Principle of real relativity:

Meaning is a moment in a life process.

In reality information is meaningful: a synthesis of problem solution, a life process, ‘a way of life’. The synthesis of meaning in a field of different possibilities is definition: selection, trial-error-finding, decision, choice. The intention of the meanings is re-synthesis of life.

The virtual defines life in order to organize it under the conditions of the environment and in presence of rivals and co-habitants. The virtual directs on the right path – the one on which live form is being re-synthesized.

The virtual ‘is carried’ by the real. The virtual does not exist outside the real: the real is its ‘carrier’ and ‘creator’.

Reference is non-real. In the world there is no pure information without matter and energy. In this sense the virtual is non-real as are relations apart from related objects.

The real is indefinite with respect to the virtual. The world does not speak. No form in the world determines a word to denote it. Sensation, image, perception, thought are indefinite with respect to language. Taken virtually, entropy is noise, taken really, it is indefiniteness of meaning.

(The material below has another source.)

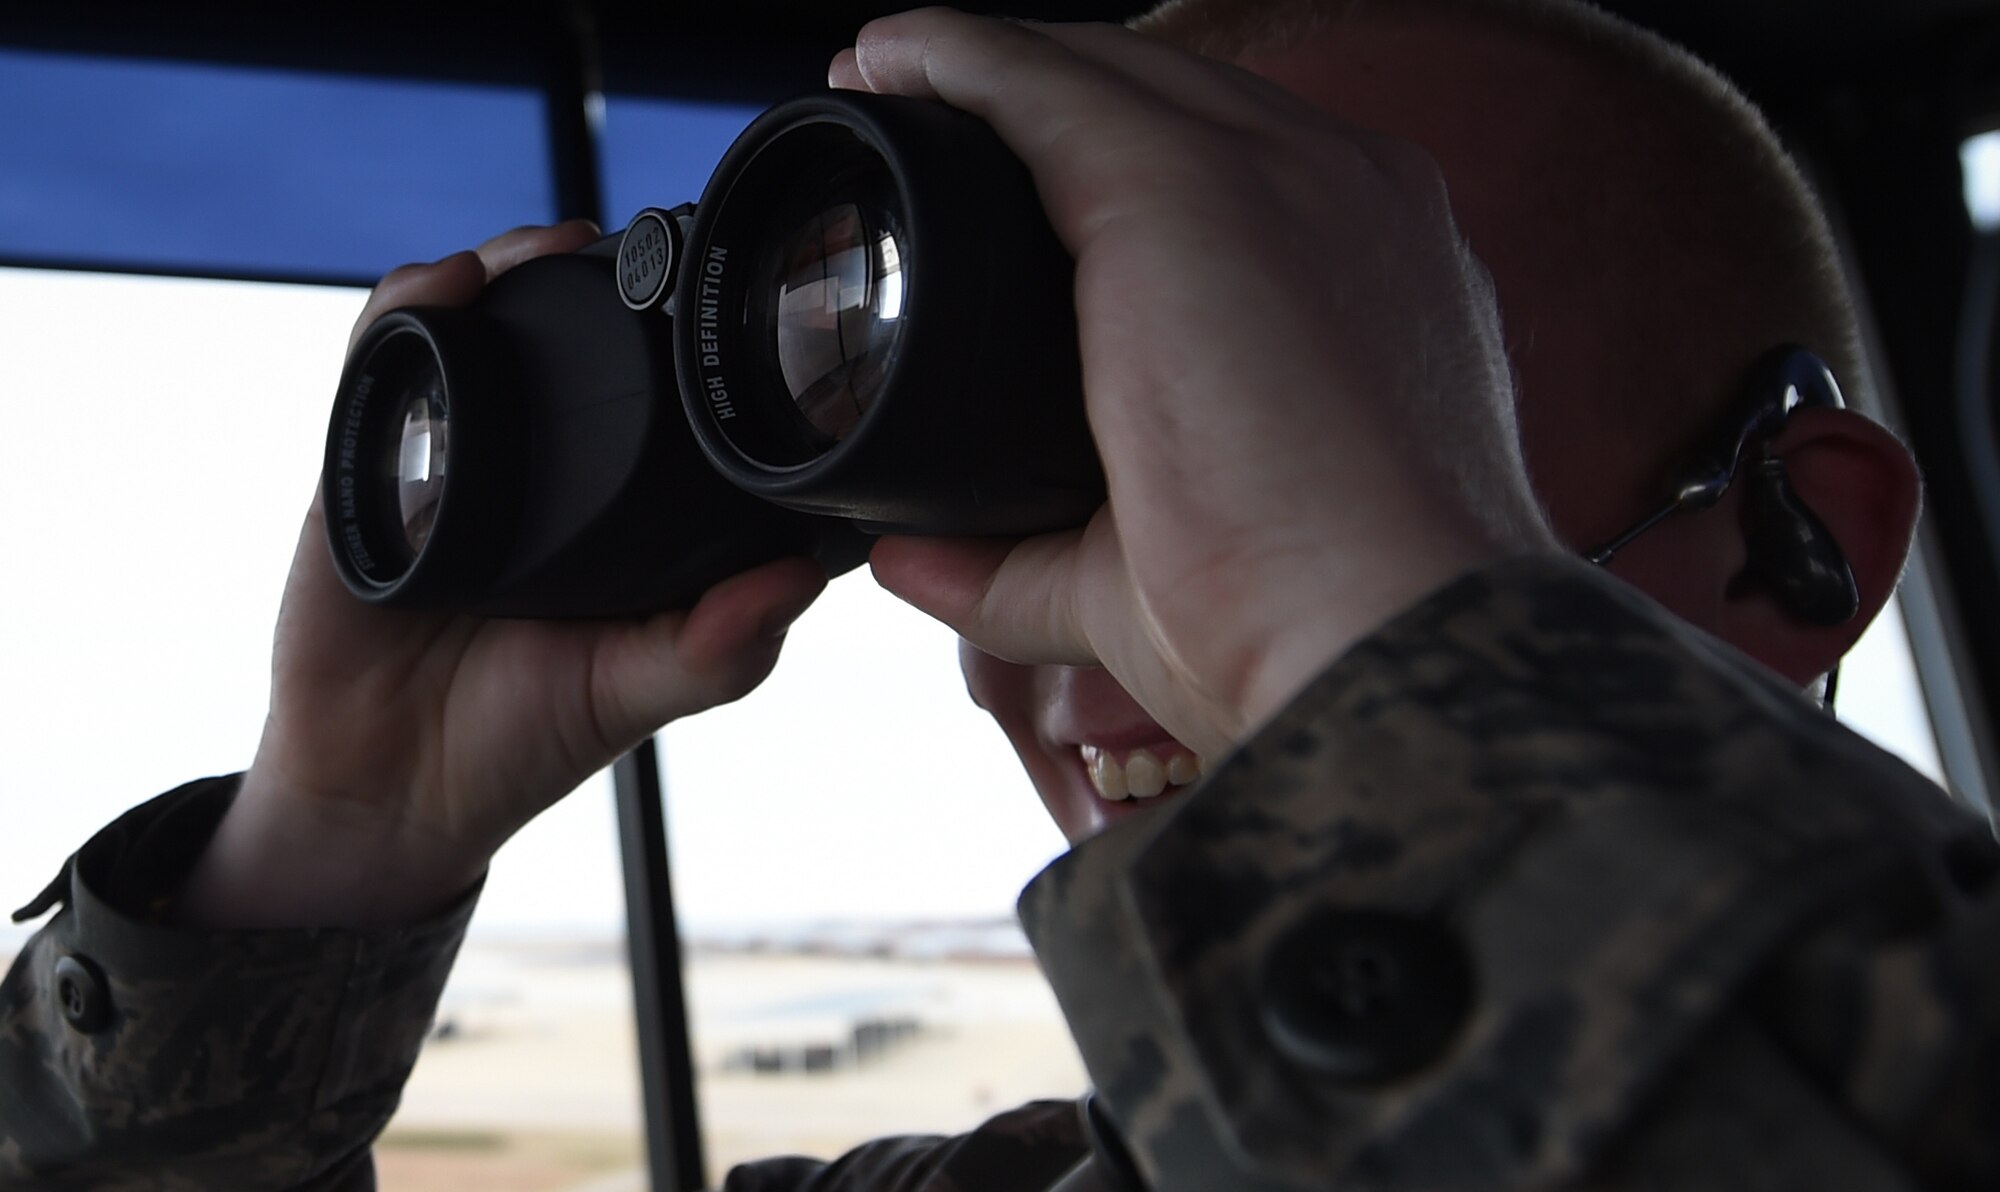 U.S. Air Force Senior Airman Patrick Taylor, 1st Operations Support Squadron air traffic controller, watches airfield traffic at Joint Base Langley-Eustis, Va., Dec. 16, 2016. The control tower supports the 1st Fighter Wing in addition to NASA, transient aircraft, Fort Eustis and distinguished visitor aircraft flying missions. (U.S. Air Force photo by Staff Sgt. Natasha Stannard)

No propositions can be drawn logicaly from perceptions (Popper).

Indefiniteness of ‘language’ with respect to the ‘world’. Language is not determined by the world; in particular, it is not a picture of the world. Words and qualia (elementary experiences) are incomparable.

Grammar is not determined. A given local grammar cannot be drawn from the forms of life of the respective community. This follows from the indefiniteness of the world to language.

Denoting is undenotable. No sign system is able do denote denoting itself – relating signs to qualia. Semantics is developed in a meta-language, in which a phenomenon is represented by a name (‘white snow’) (Tarski 1944). There is no language capable to voice a statement about a phenomenon: ‘meta-language’ inevitably talks about qualia by means of names, using either a conventional or an artificial grammar. Pointing to a sensible form and uttering the name does no more avoid this situation: pointing is a sign – ‘that here’.

The sensible world is not congruent with description, but it is exactly that world that sets the boundaries of the describable. There is no grammar in it, but it is exactly its form that is the source of grammar in its several versions. In the sensible world there is no definiteness comparable to definiteness in words, but it is exactly qualia that set the horizon of words. There is not one single description of a group of phenomena, but people from distant cultures reach understanding in their perception of natural phenomena.

Sign–reference–meaning. Reference belongs to the virtual dimension and level of language, meaning – to real relatedness. In the frame of reference of the theory and study proposed here this triad of terms is redefined in such a way that a sign does not stand for (replace) its referent but defines it; reference is not a denoted entity, but only a relatedness.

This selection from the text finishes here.